Table 1 Description of cognitive tests in our battery

Although it seems clear that genetic variation strongly influences cognitive performance in human beings, identification of important genetic differences remains elusive. With the aim of discovering these variants, we constructed a test battery using objective, standardized tests that are of the highest relevance in studies involving psychiatric and neurological populations and performed genome-wide association in a large sample of healthy individuals. The diverse aspects of cognition measured in this study are not only interesting in their own right, but also have documented relevance to psychiatric traits and are considered important endophenotypes in psychiatric conditions and illnesses (Table 1).

Materials and methods

Subjects and cognitive battery

We considered two tests of attention and executive function, the Digit Symbol Substitution subtest of the Wechsler Adult Intelligence Scale-III and the Stroop Color-Word test, administered to a total of 1688 individuals. These two tests were chosen as our main phenotypes because they have relatively high heritabilities, assess executive function (Table 1), have shown sensitivity in patient samples, and have favorable psychometric properties. Subjects were recruited into this study between 2006 and 2009 by advertisements posted around the Duke and North Carolina State Universities and local retirement homes.
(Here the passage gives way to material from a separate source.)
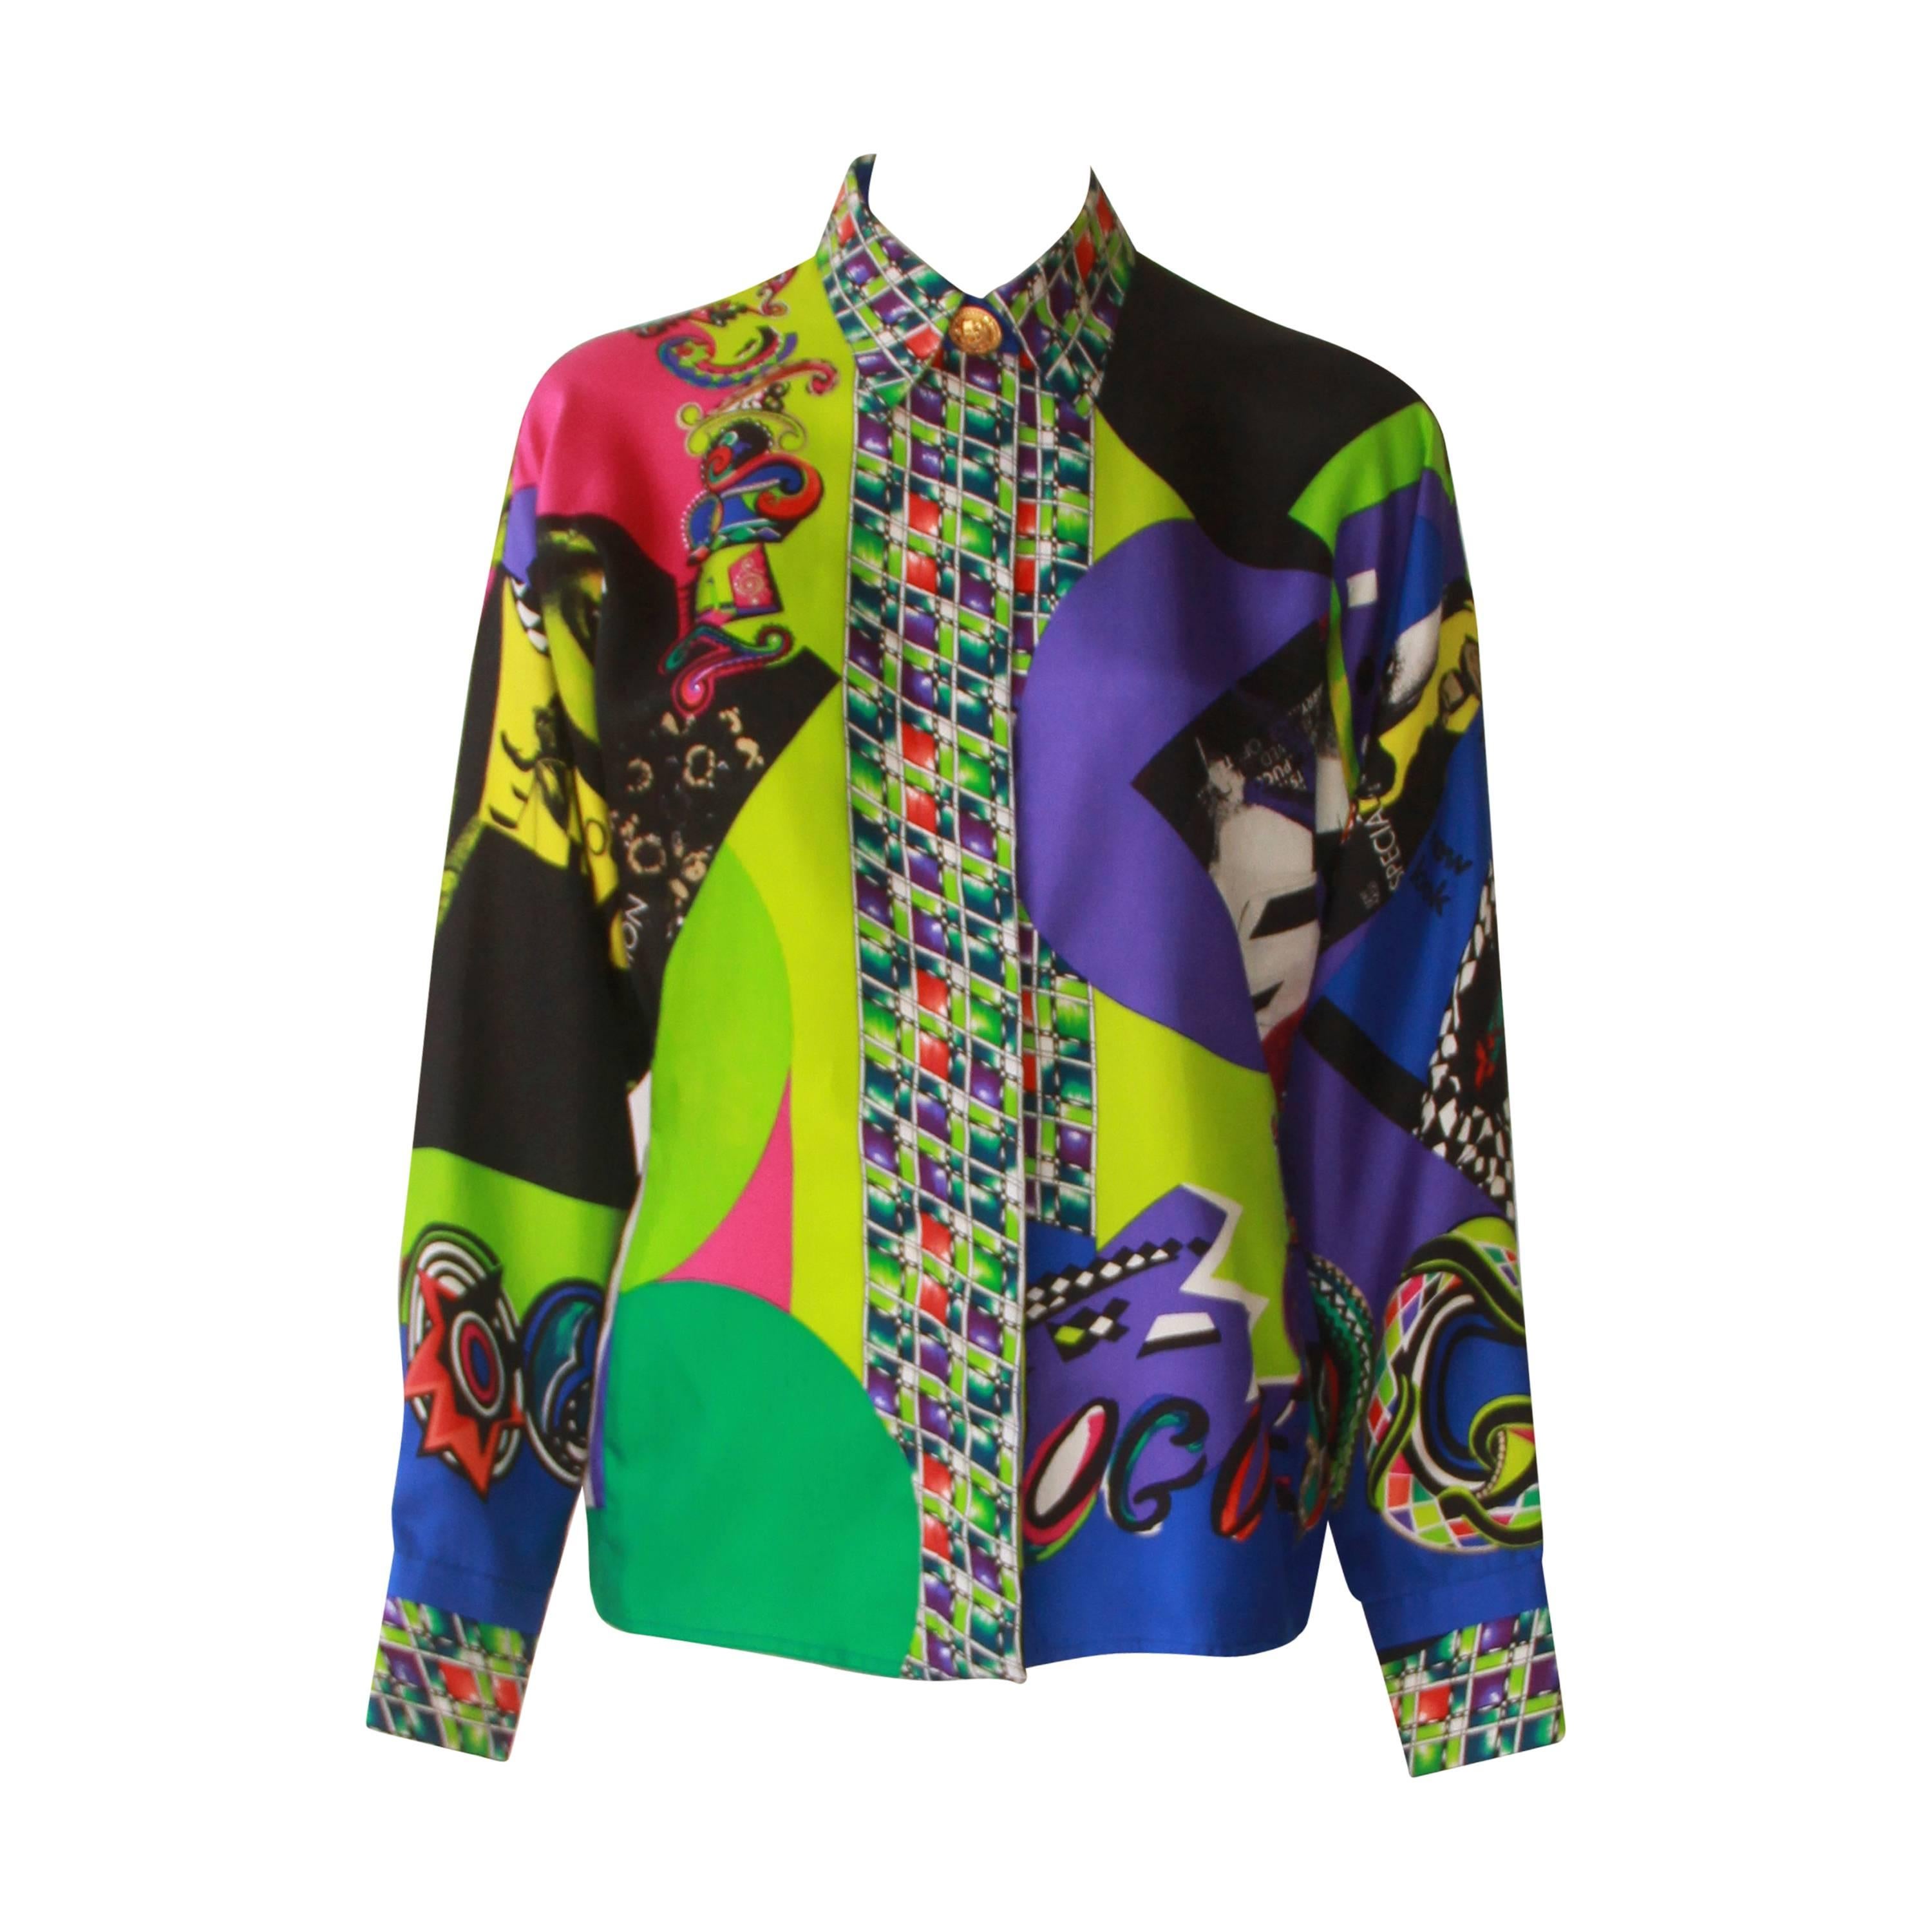 Gianni Versace Vogue Printed Silk Shirt Spring 1991 For Sale

This was primarily a cohort of young university students, with 81% under the age of 30 years, 58% undergraduate students, 18% graduate students, 58% of European ethnicity, and 54% female (Supplementary Table 1). In all, 84% of students were at Duke University and 13% at North Carolina State University, both in the Raleigh-Durham region of North Carolina, and 3% were from other universities. A subset of 832 of these individuals also took a 30 min expanded battery of tests, details of which are given in Table 1. All participants were compensated for their time with a small monetary reward.
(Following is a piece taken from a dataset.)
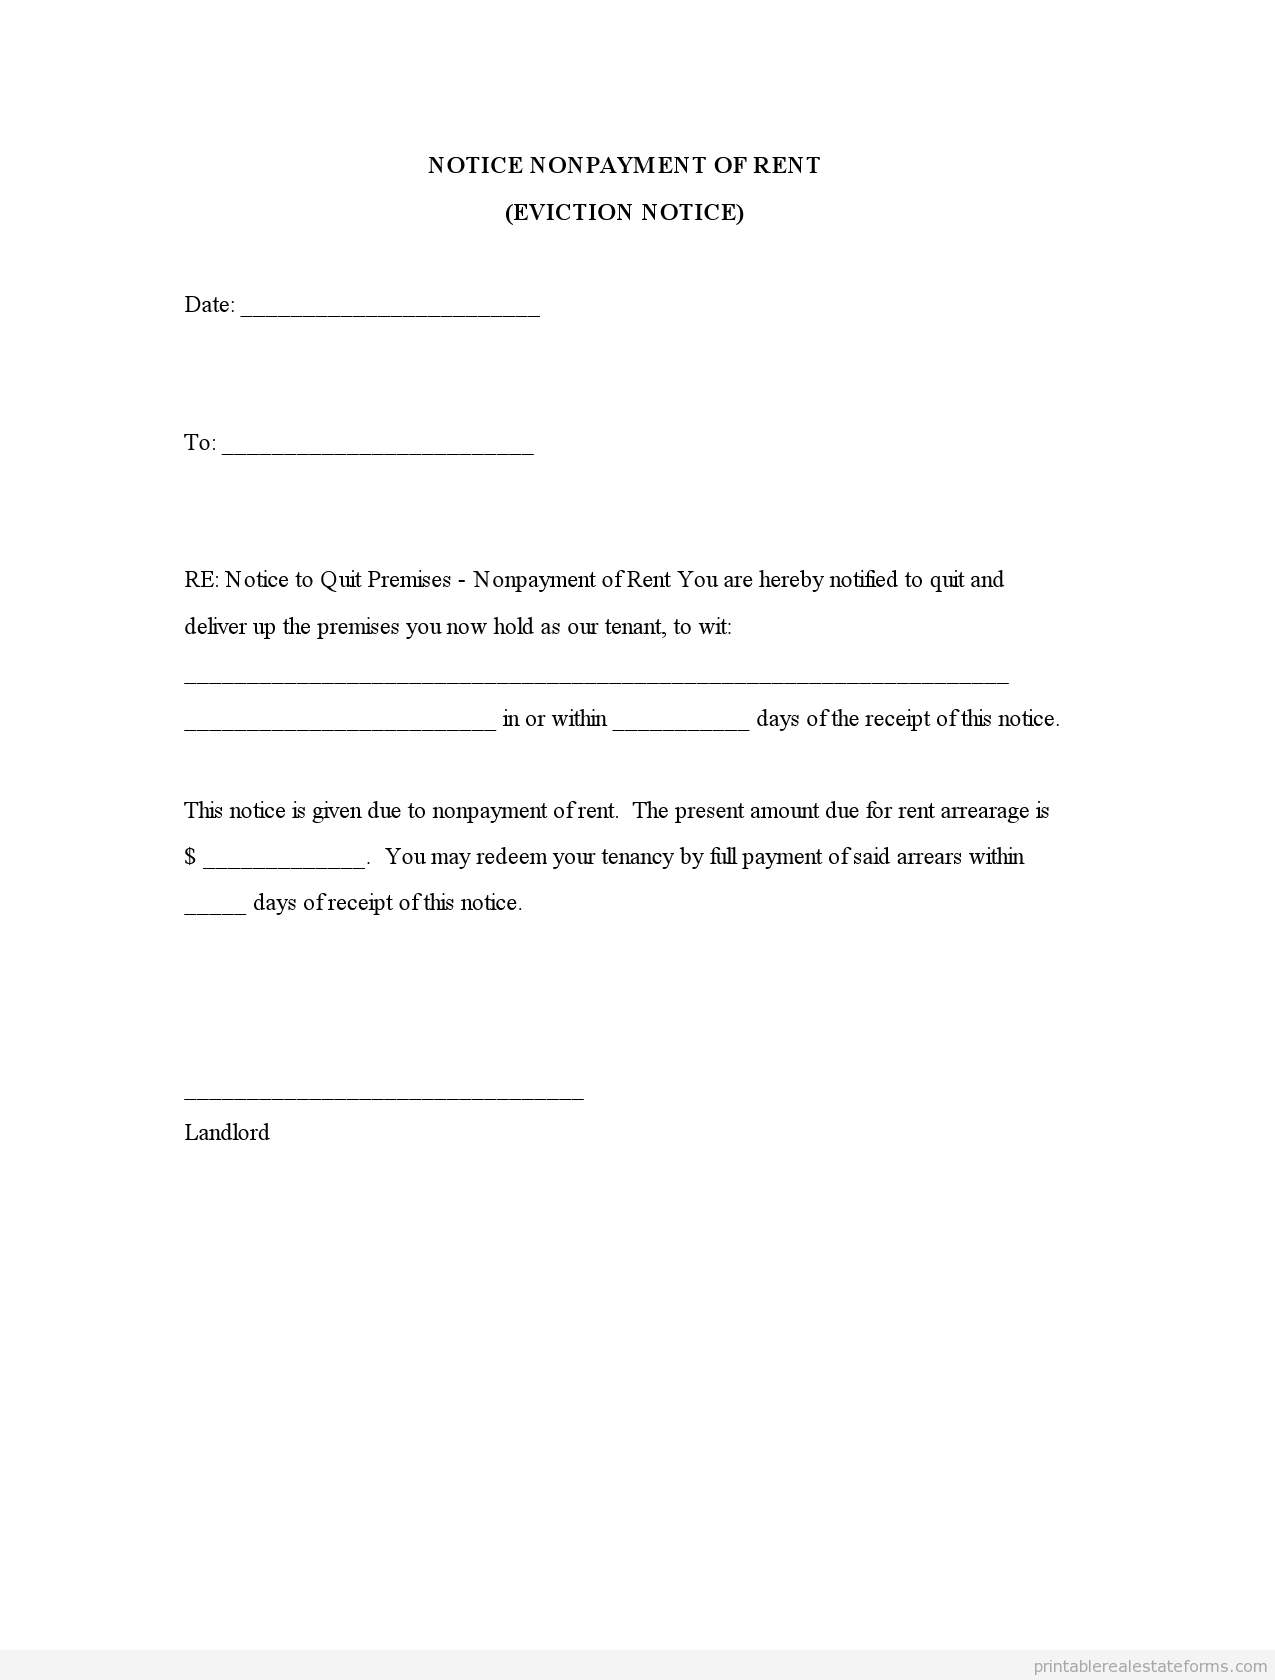 Free Printable Eviction Notice | Free Notice Nonpayment Of Rent Form - Free Printable Blank Eviction Notice

Single-nucleotide polymorphism genotyping

Each subject donated 20 ml of blood or 5 ml saliva for DNA extraction. DNA was extracted using the QIAGEN (Venlo, The Netherlands) Autopure LS. The DNA for 1458 subjects was genotyped using Illumina (San Diego, CA, USA) genotyping chips and single-nucleotide polymorphisms (SNPs) from the HumanH610 were used for analysis (Supplementary methods).

Test score distributions

The distribution of scores on each test of the expanded battery was assessed for normality using a Shapiro–Wilks test and those showing a substantial deviation from normality (P<0.001 in those of European ethnicity) were transformed using a Box-Cox transformation in STATA:11 this included Trails A and B. Although Digit Span Forward and Backward did not pass this Shapiro–Wilks cutoff because of the limited number of scores possible (integers from 1 to 9 for Forward and 1 to 8 for Backward), visually they followed a normal distribution and thus were left untransformed. The phenotype distributions were shifted toward better performance for university students, compared with those not currently in school; however, even within this subset, test scores still covered a wide range and did not substantially deviate from a normal distribution (Supplementary Figure 1). For test score distributions and correlations between tests, see Supplementary Tables 3 and 4.

Exclusions

Each subject was asked to complete a questionnaire before the test, which included questions with regard to age, native language, education, ethnicity, medications, and psychiatric disorders. The 832 subjects who took the expanded battery also had their level of depression measured by the Beck Depression Inventory (BDI)-II,12 and 680 of these subjects filled out a more extensive questionnaire that asked about lifestyle, family background, substance abuse, familiarity with the testing battery, and strategies used during testing (these last two were given directly after the test). Subjects recruited from retirement homes were also administered the MOCA13 to test for possible dementia. On the basis of these data, 157 subjects were excluded because of factors likely to influence their performance (Supplementary methods).

Covariates

Standard covariates of ethnicity (EIGENSTRAT axes), age, sex, education (baseline of current undergraduate students with dummy variables for those without college education, those with a bachelor's degree, and those with a graduate degree or who were currently in graduate school), BDI score, handedness, who tested the subject, whether they took the full battery or just Digit Symbol and Stroop, which university they attended, and testing location were added one at a time to a multivariate regression model of all subjects in STATA.11 Except for sex and ethnicity, which were always included, these standard covariates were only removed from the model if doing so increased the adjusted r2. The adjusted r2, unlike r2, which will always increase as you add more covariates, takes into account both sample size and the number of covariates in the model and is calculated as 1−(1−r2)*((n−1)/(nk−1)), where k is the number of covariates in the model. With the aim to account for as much environmental variation as possible, we also considered novel covariates collected with our full questionnaire such as whether the subject had seen that particular test before, and added them to the regression model if they contributed with a P-value below 0.005 (Supplementary methods).

Association analysis

EIGENSTRAT analysis14 was performed on our subjects to determine ethnicity, and outliers were pruned to remove as many of the initial 185 significant axes as possible while retaining a large sample size. This pruning resulted in 10 significant EIGENSTRAT axes and the inclusion of 813 self-identified Europeans, 167 East Asians, 74 South Asians, and 32 of other ethnicities. Our primary association analyses were carried out in these individuals: 1086 for our two main tests and 514 for the expanded battery. All 10 significant EIGENSTRAT axes were used as covariates in all analyses.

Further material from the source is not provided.